DATA BELOW ▸
━━━━━━━━

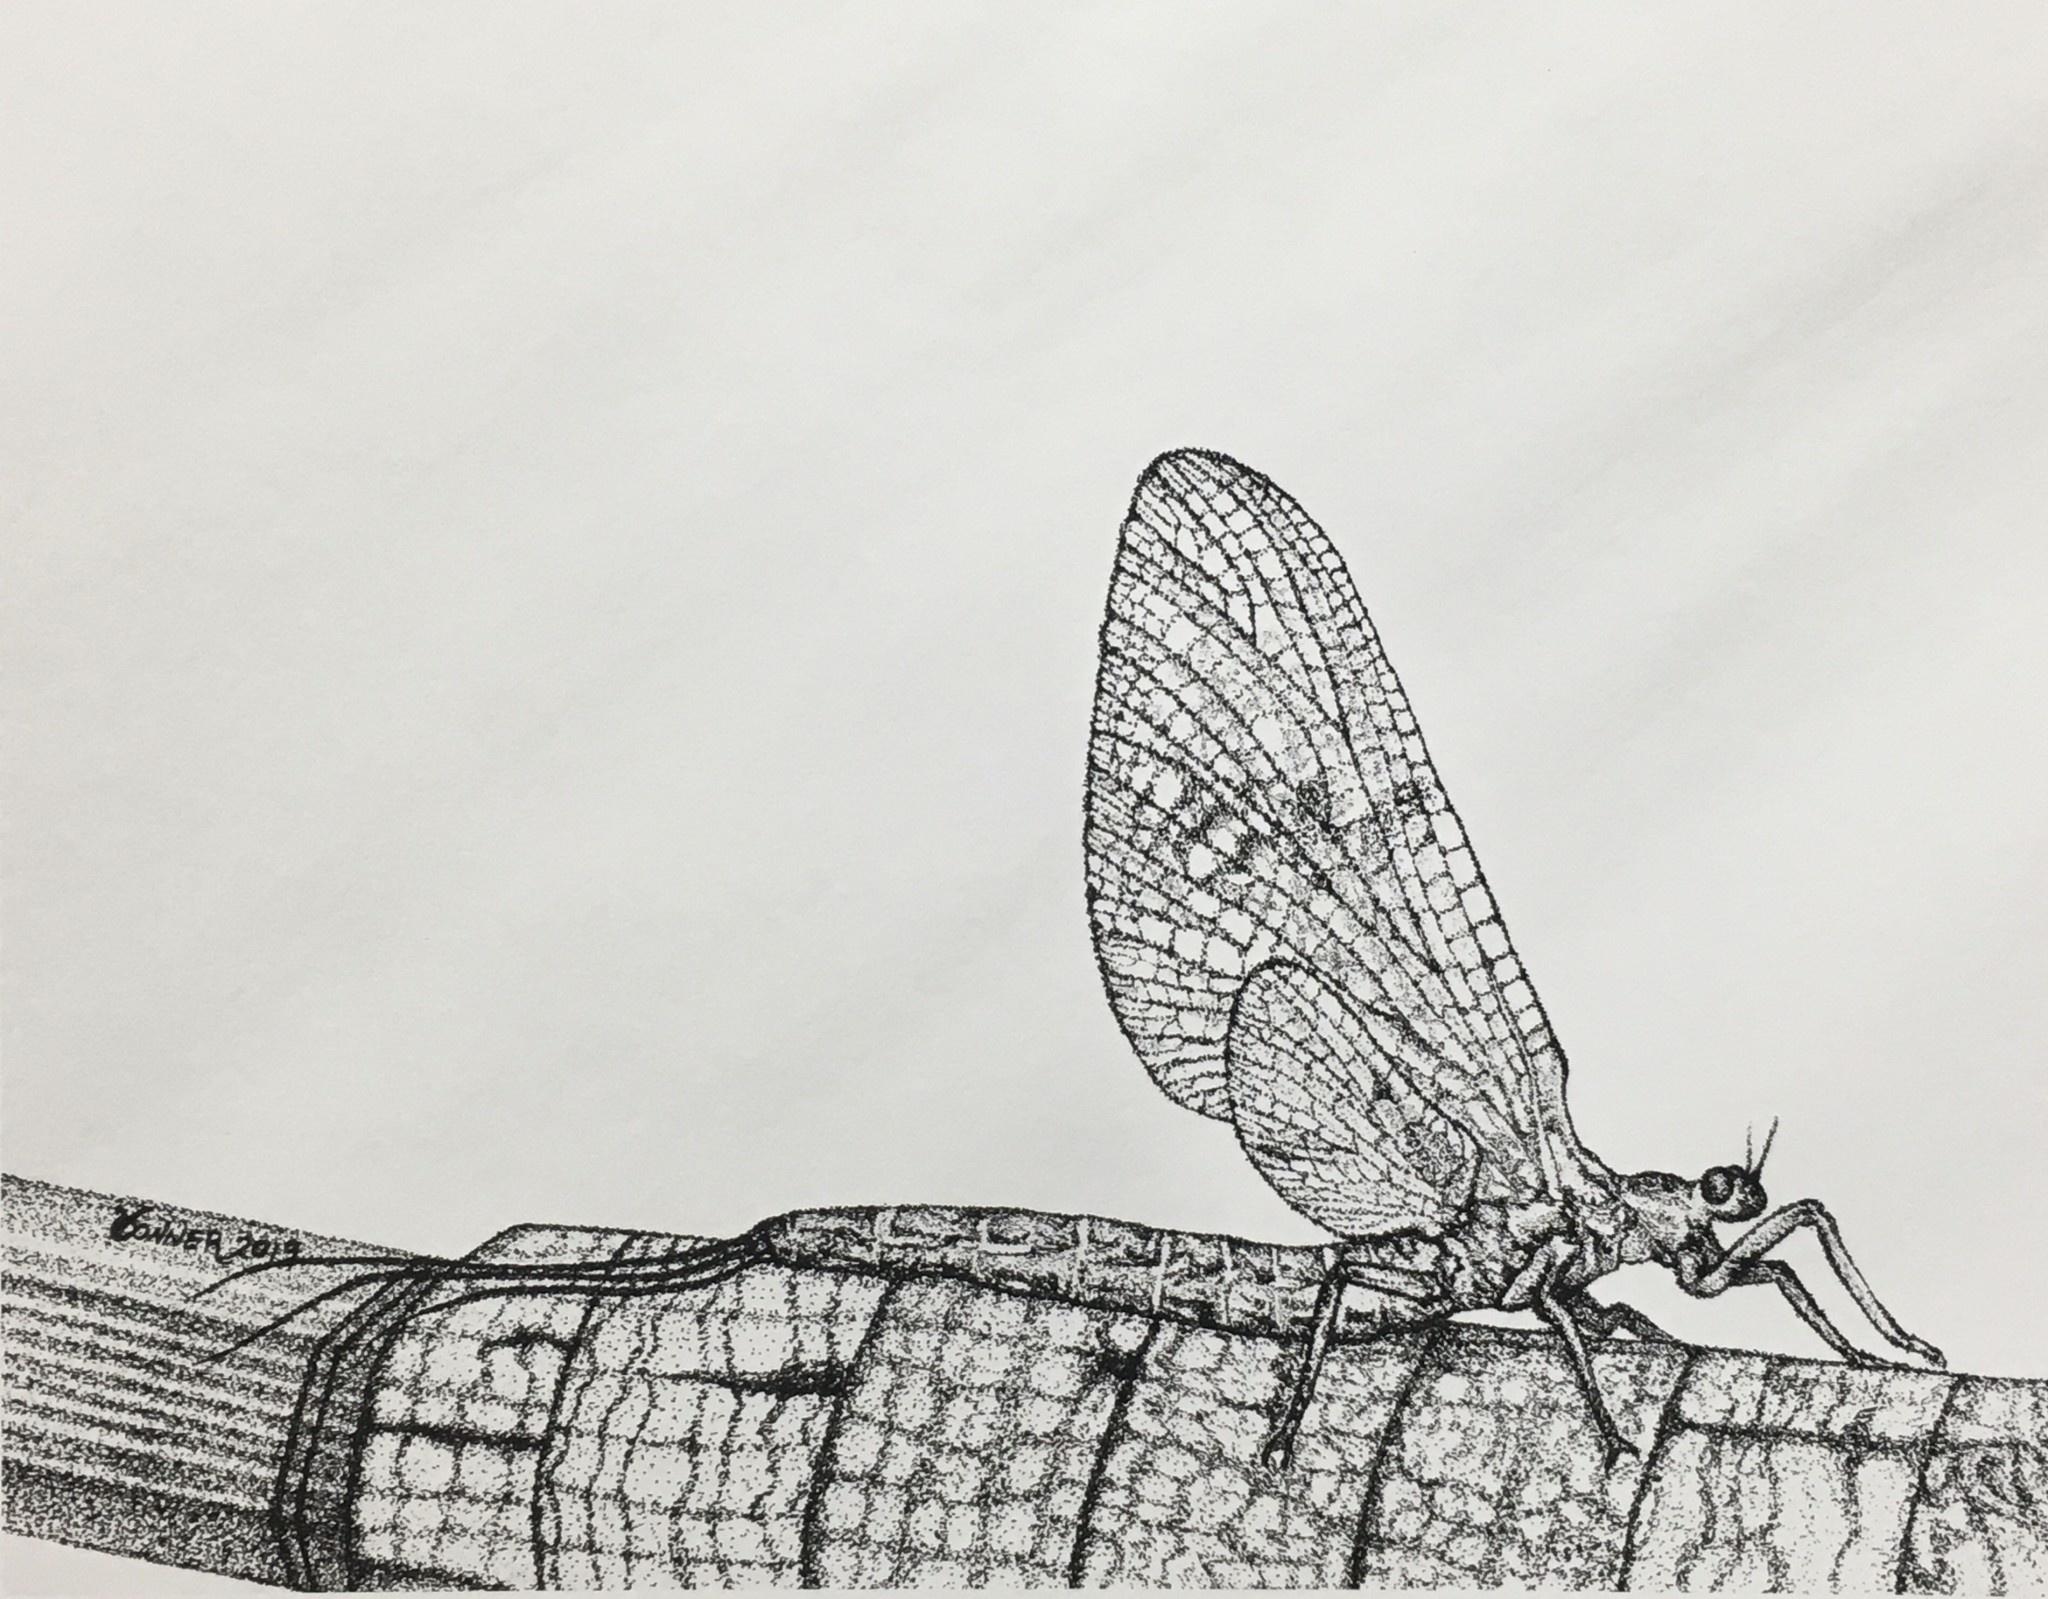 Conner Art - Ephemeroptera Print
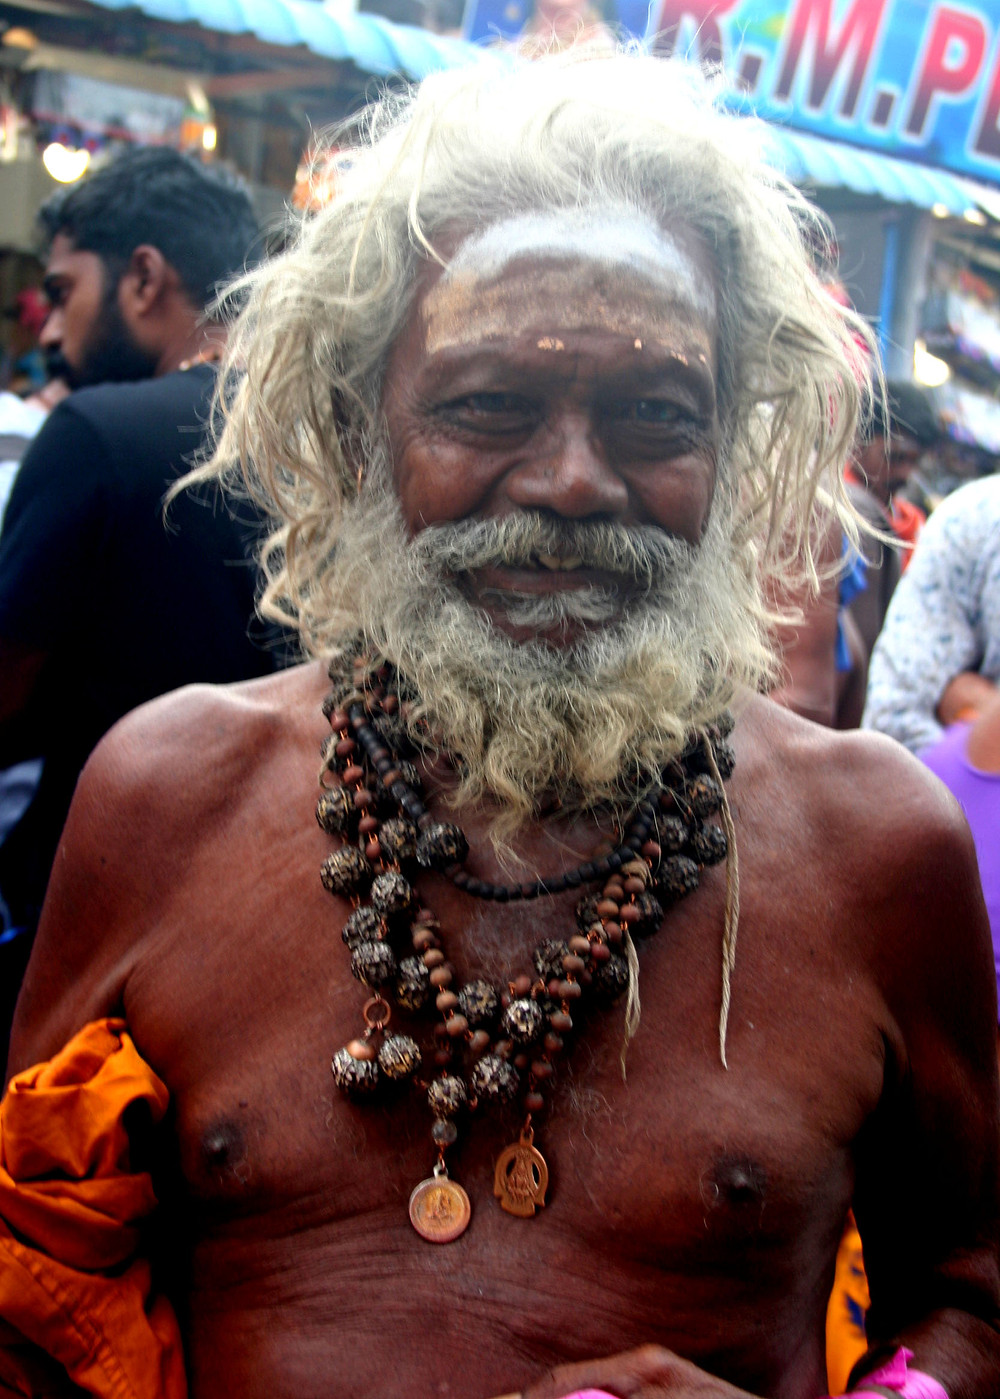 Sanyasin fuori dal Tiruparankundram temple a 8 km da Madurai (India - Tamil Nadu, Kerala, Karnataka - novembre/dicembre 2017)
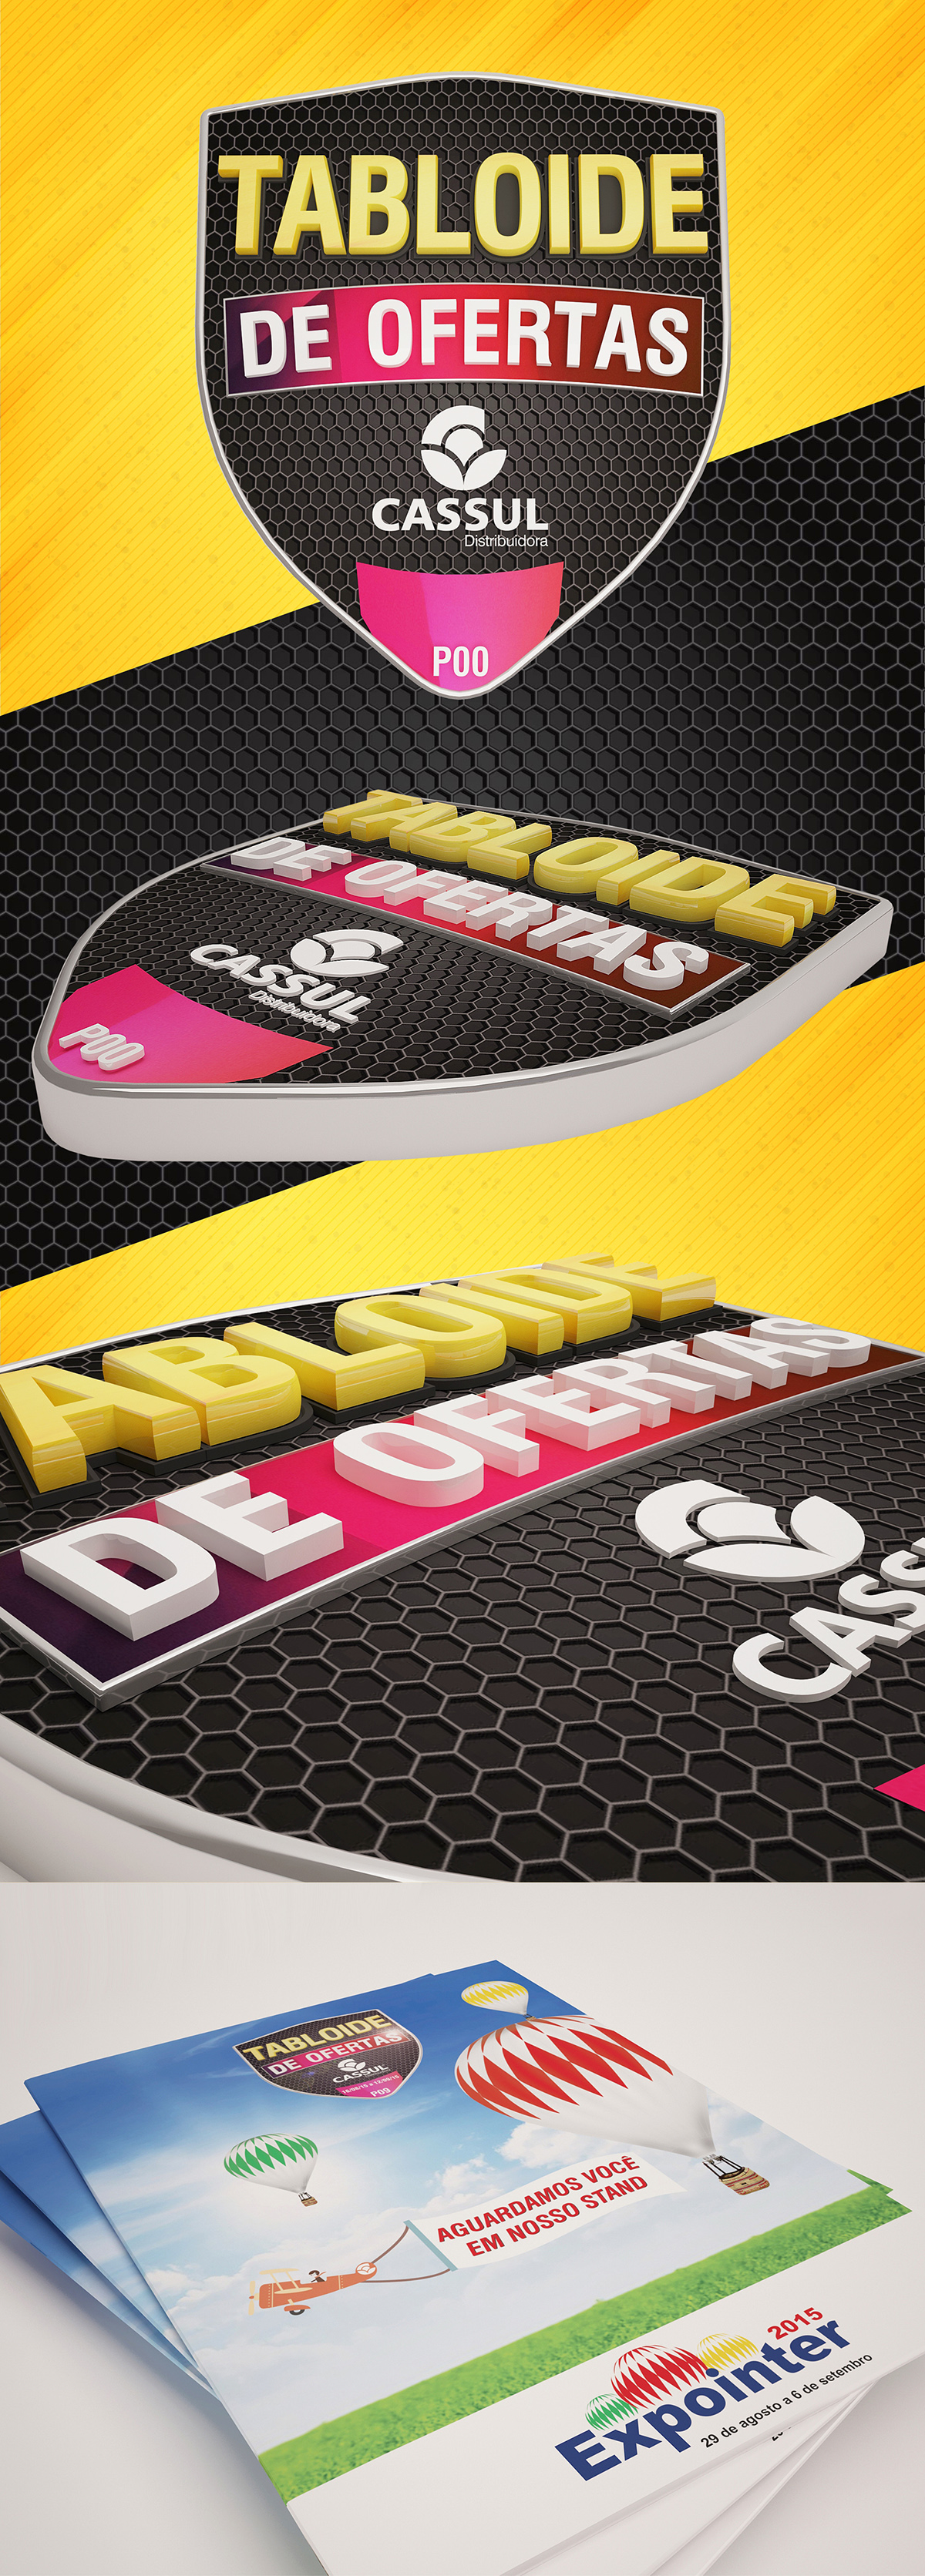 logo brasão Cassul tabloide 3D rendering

━━━━━━━━

WHAT THE EXERCISE ASKS ▸
Return, exactly as they stand, all of the lines above, but not the pictures.

WRITTEN SOLUTION ▸
 Conner Art - Ephemeroptera Print
 Sanyasin fuori dal Tiruparankundram temple a 8 km da Madurai (India - Tamil Nadu, Kerala, Karnataka - novembre/dicembre 2017)
 logo brasão Cassul tabloide 3D rendering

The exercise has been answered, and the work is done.